===== Recorded information
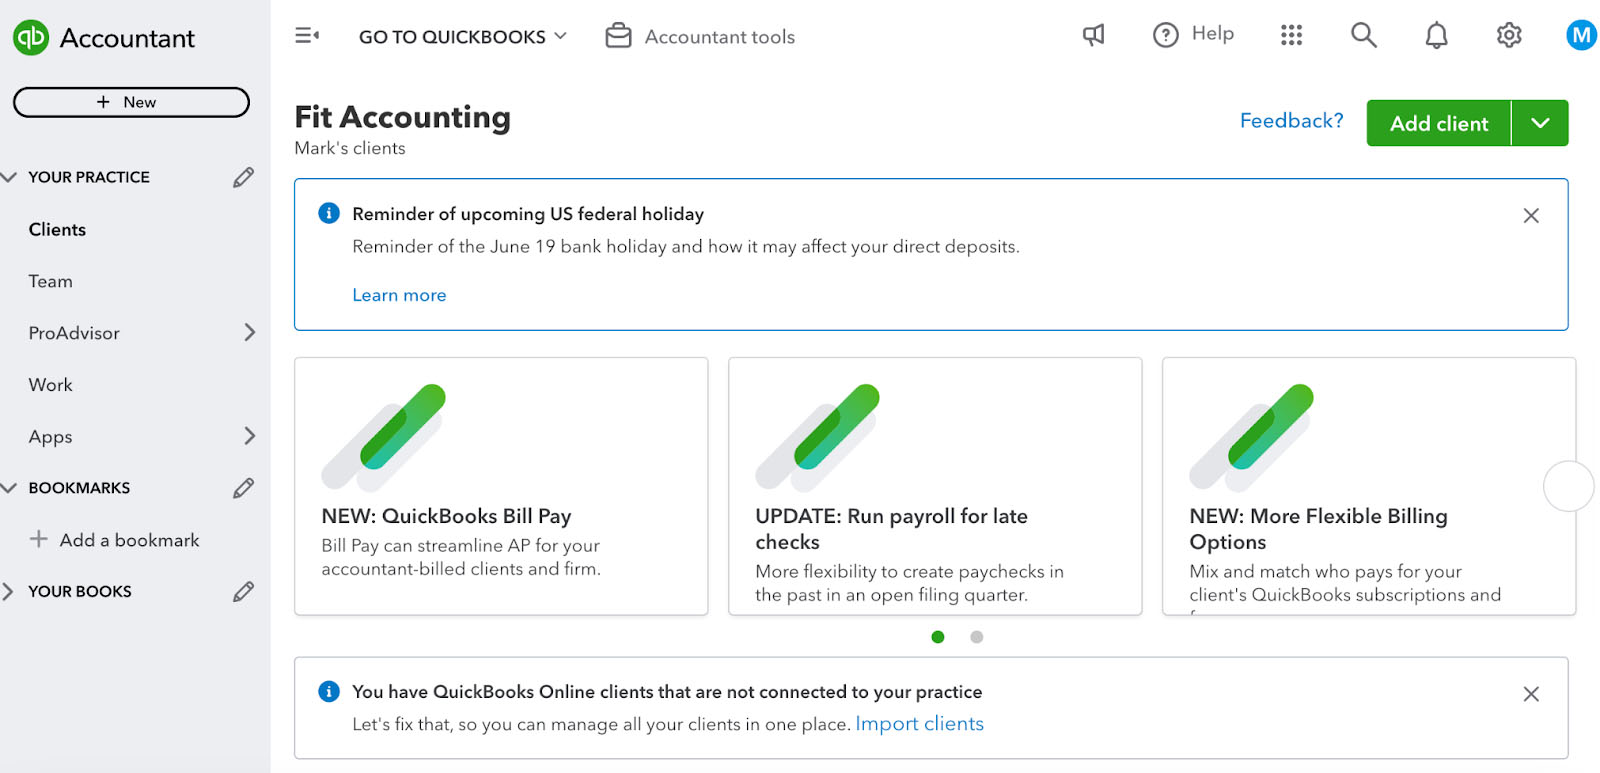 QuickBooks Online Accountant dashboard showing sections like the left-side menu and the Add client button.
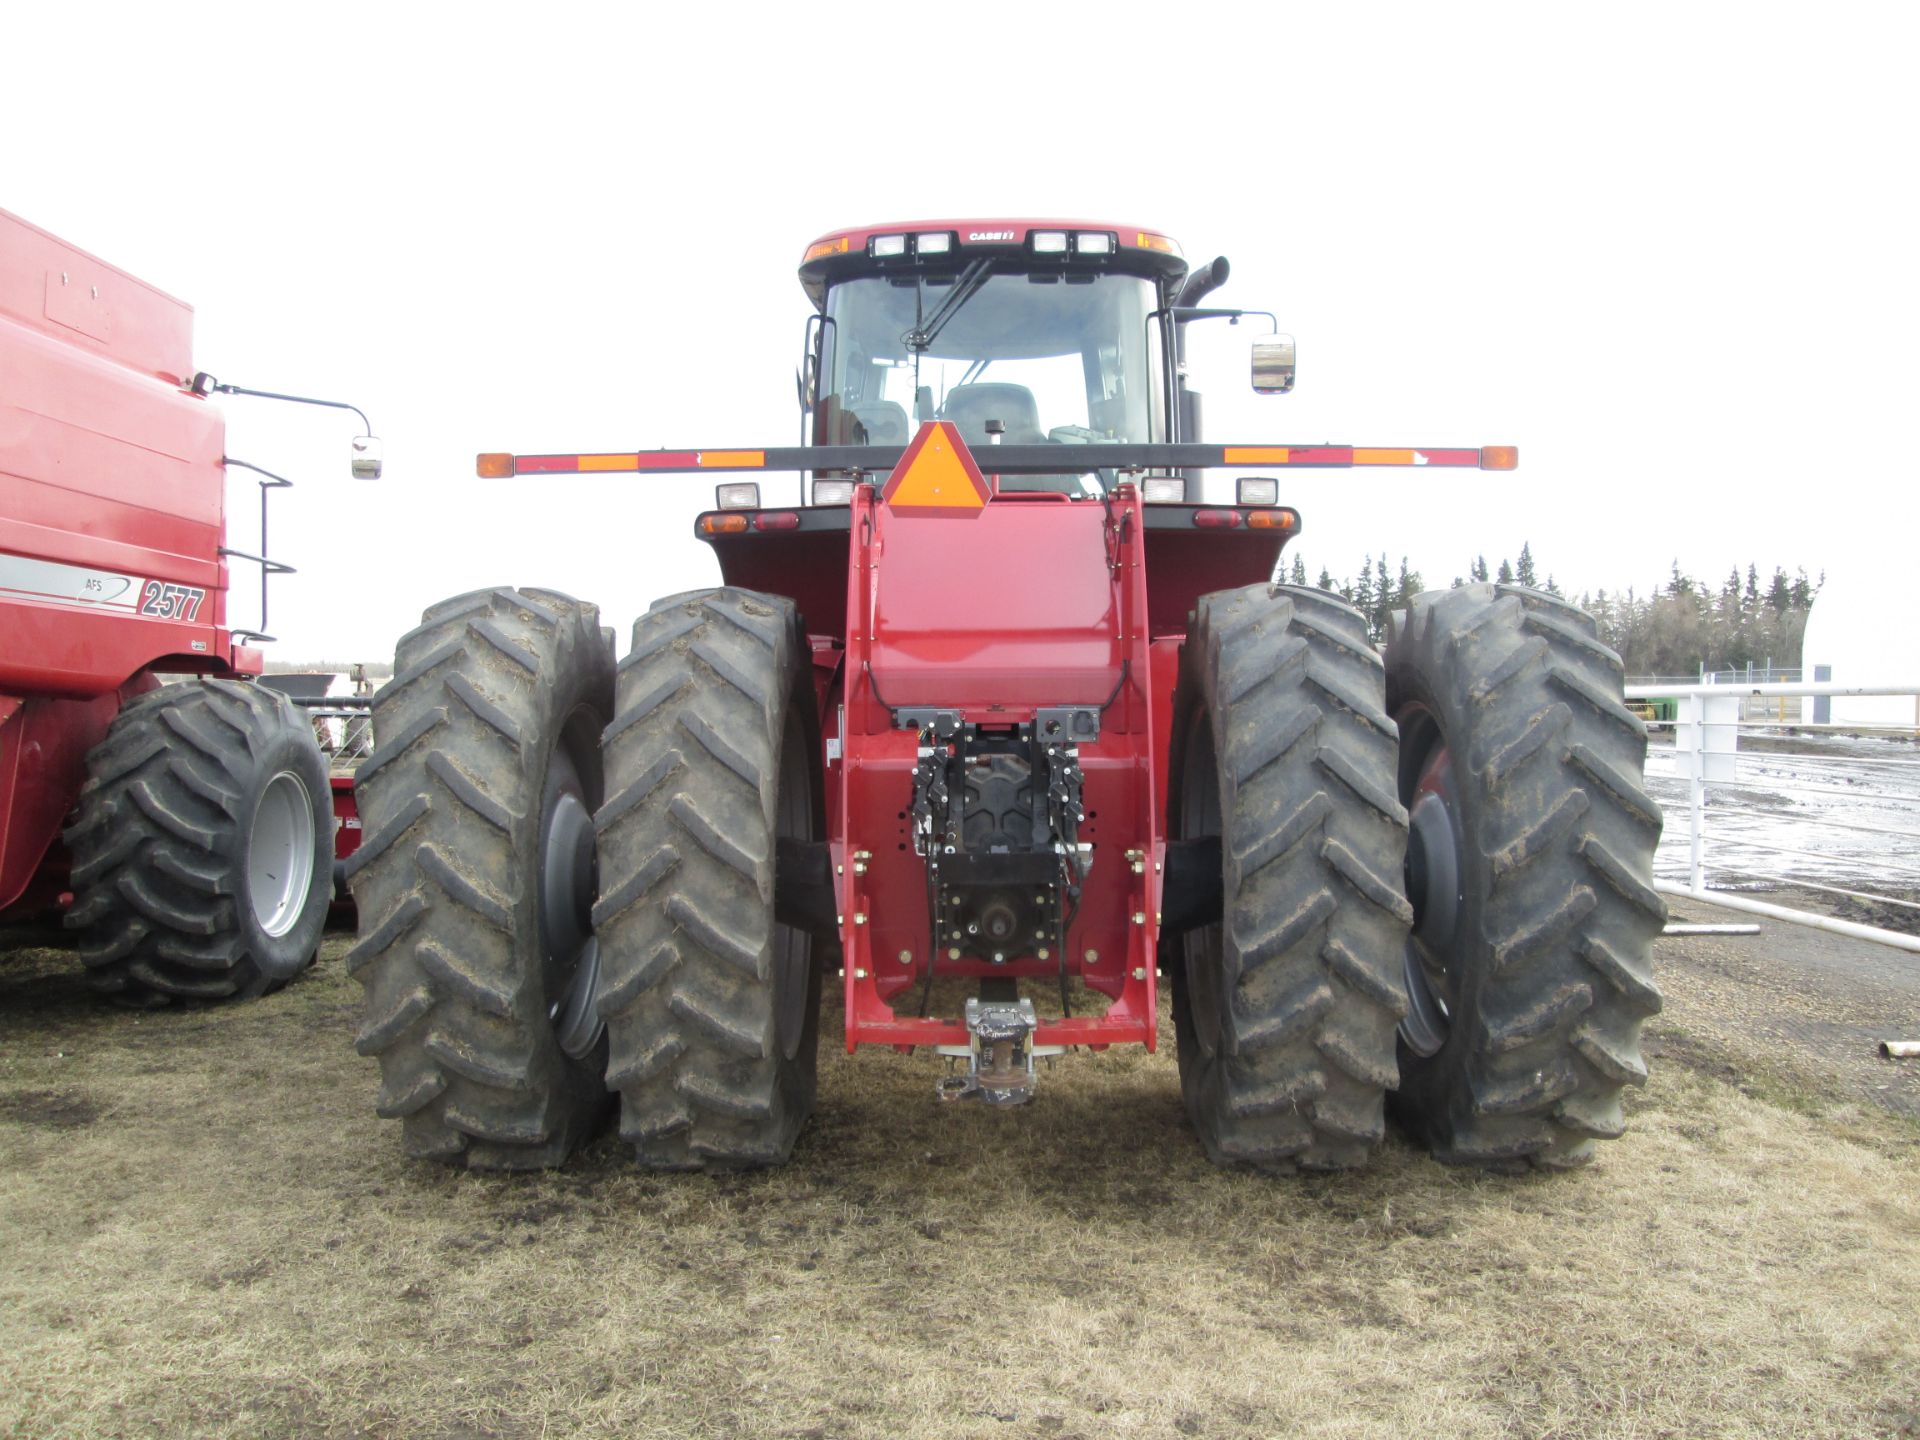 2011 CASE IH Steiger 350 HD 4wd Tractor - Image 8 of 11
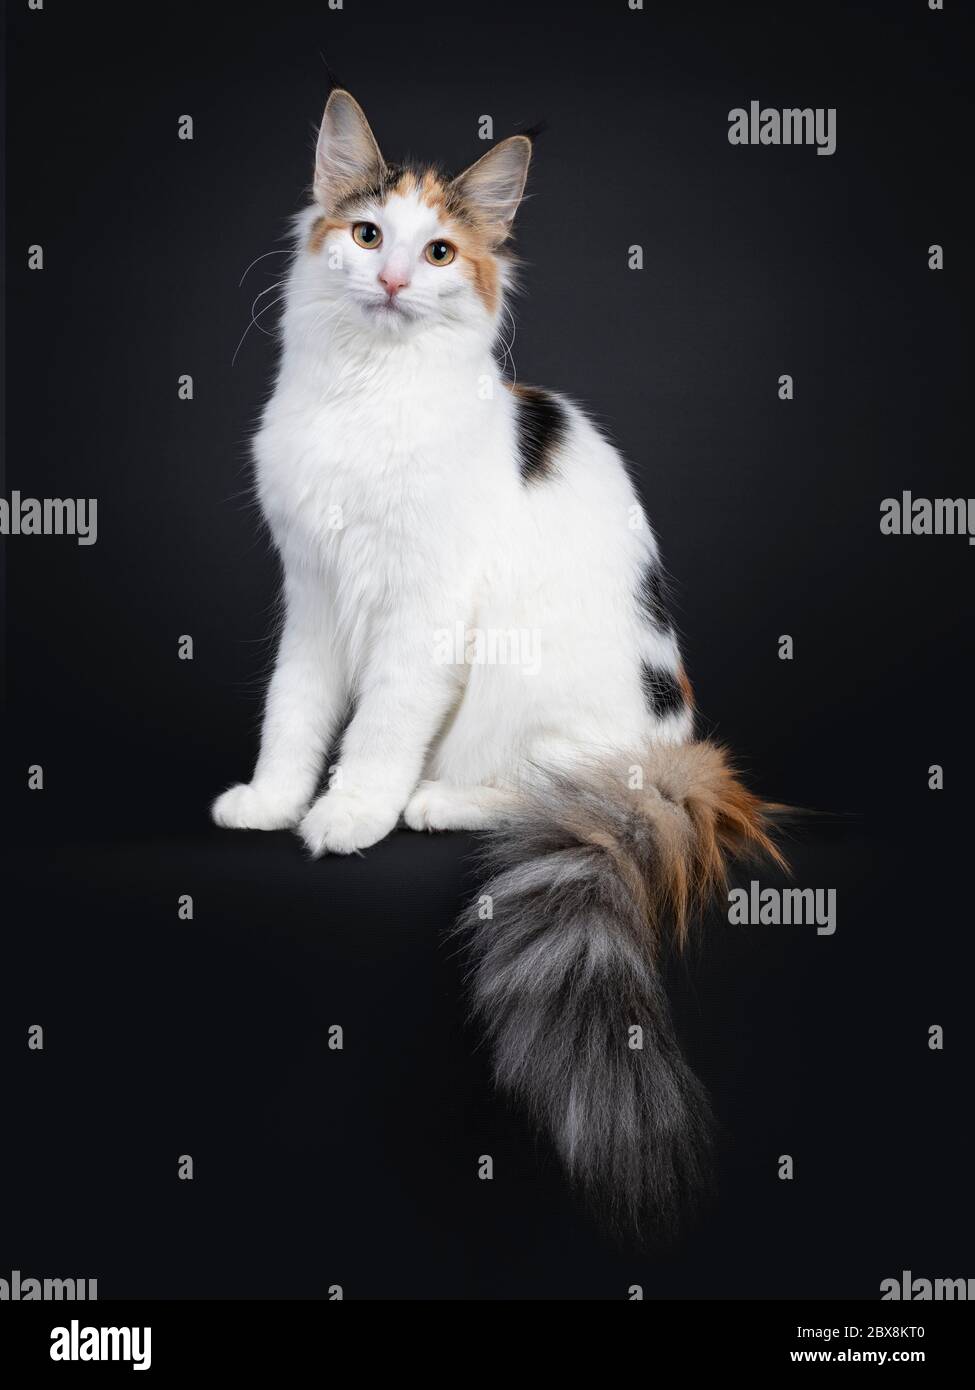 Cute young Norwegian Forestcat cat, sitting side ways with tail hanging down over edge. Looking straight at lens. Isolated on black background. Stock Photo
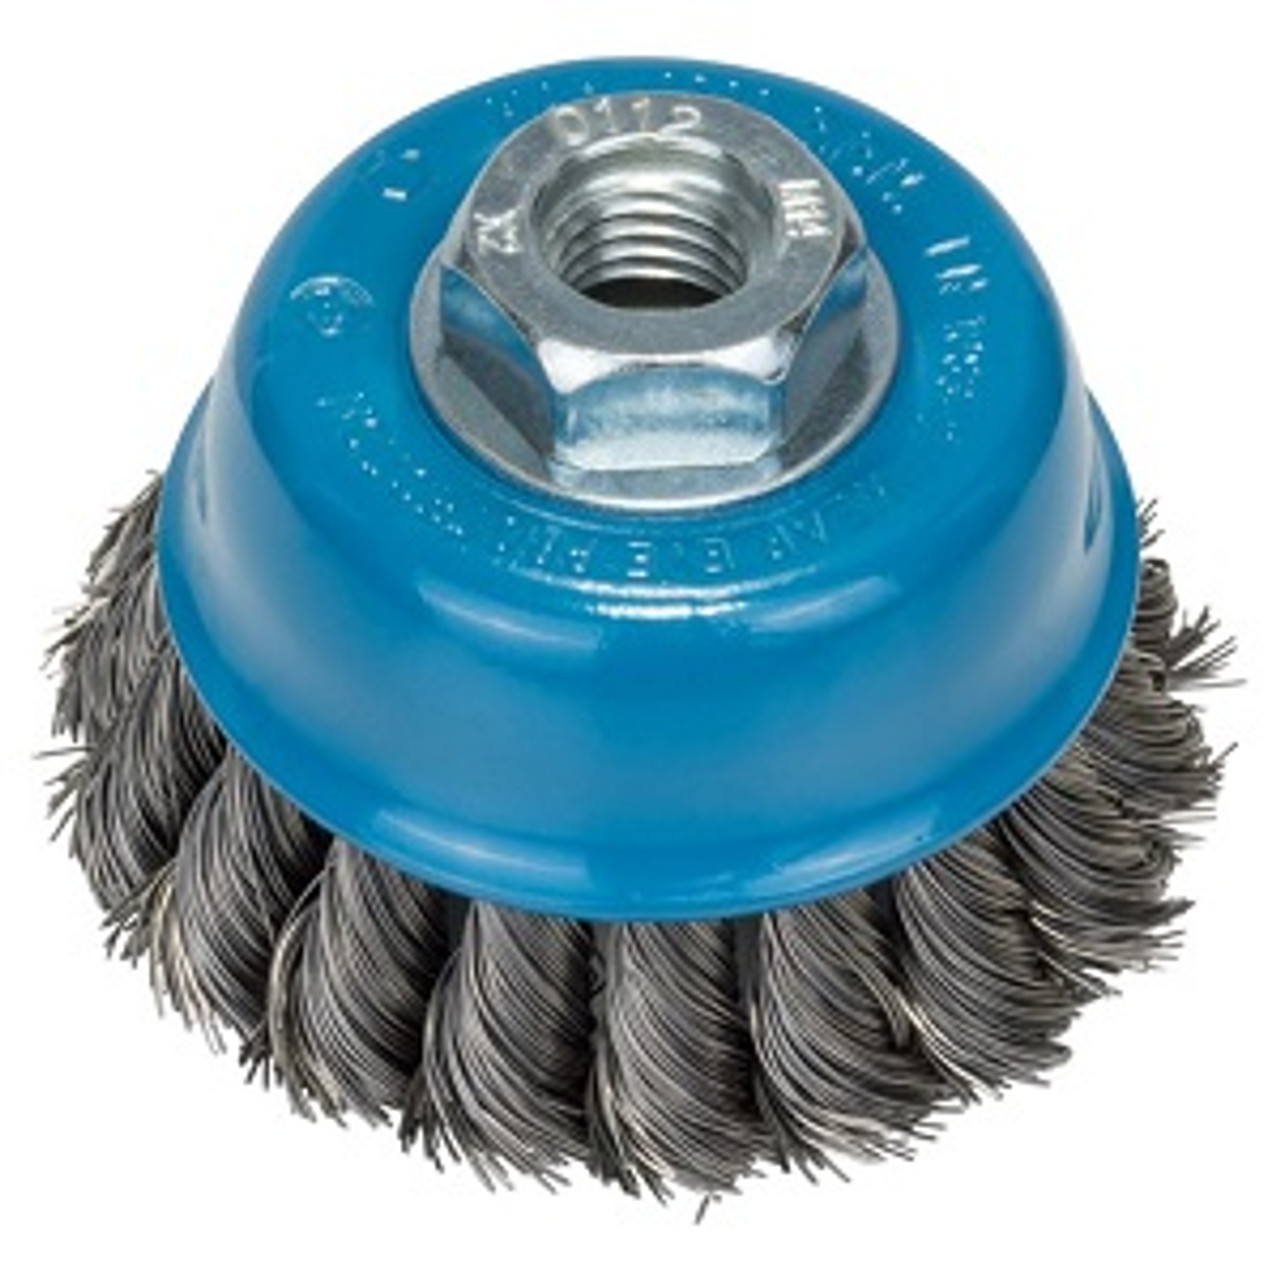 Buy online Bosch Wire cup brush 65 mm, 0,35 mm, M14 (knotted) from
==========
- Exercise brief -
Omit all pictures, and repeat exactly the lines from the line containing "Cute young Norwegian" through the end of the data.

- Exercise answer -
 Cute young Norwegian Forestcat cat, sitting side ways with tail hanging down over edge. Looking straight at lens. Isolated on black background. Stock Photo
 Buy online Bosch Wire cup brush 65 mm, 0,35 mm, M14 (knotted) from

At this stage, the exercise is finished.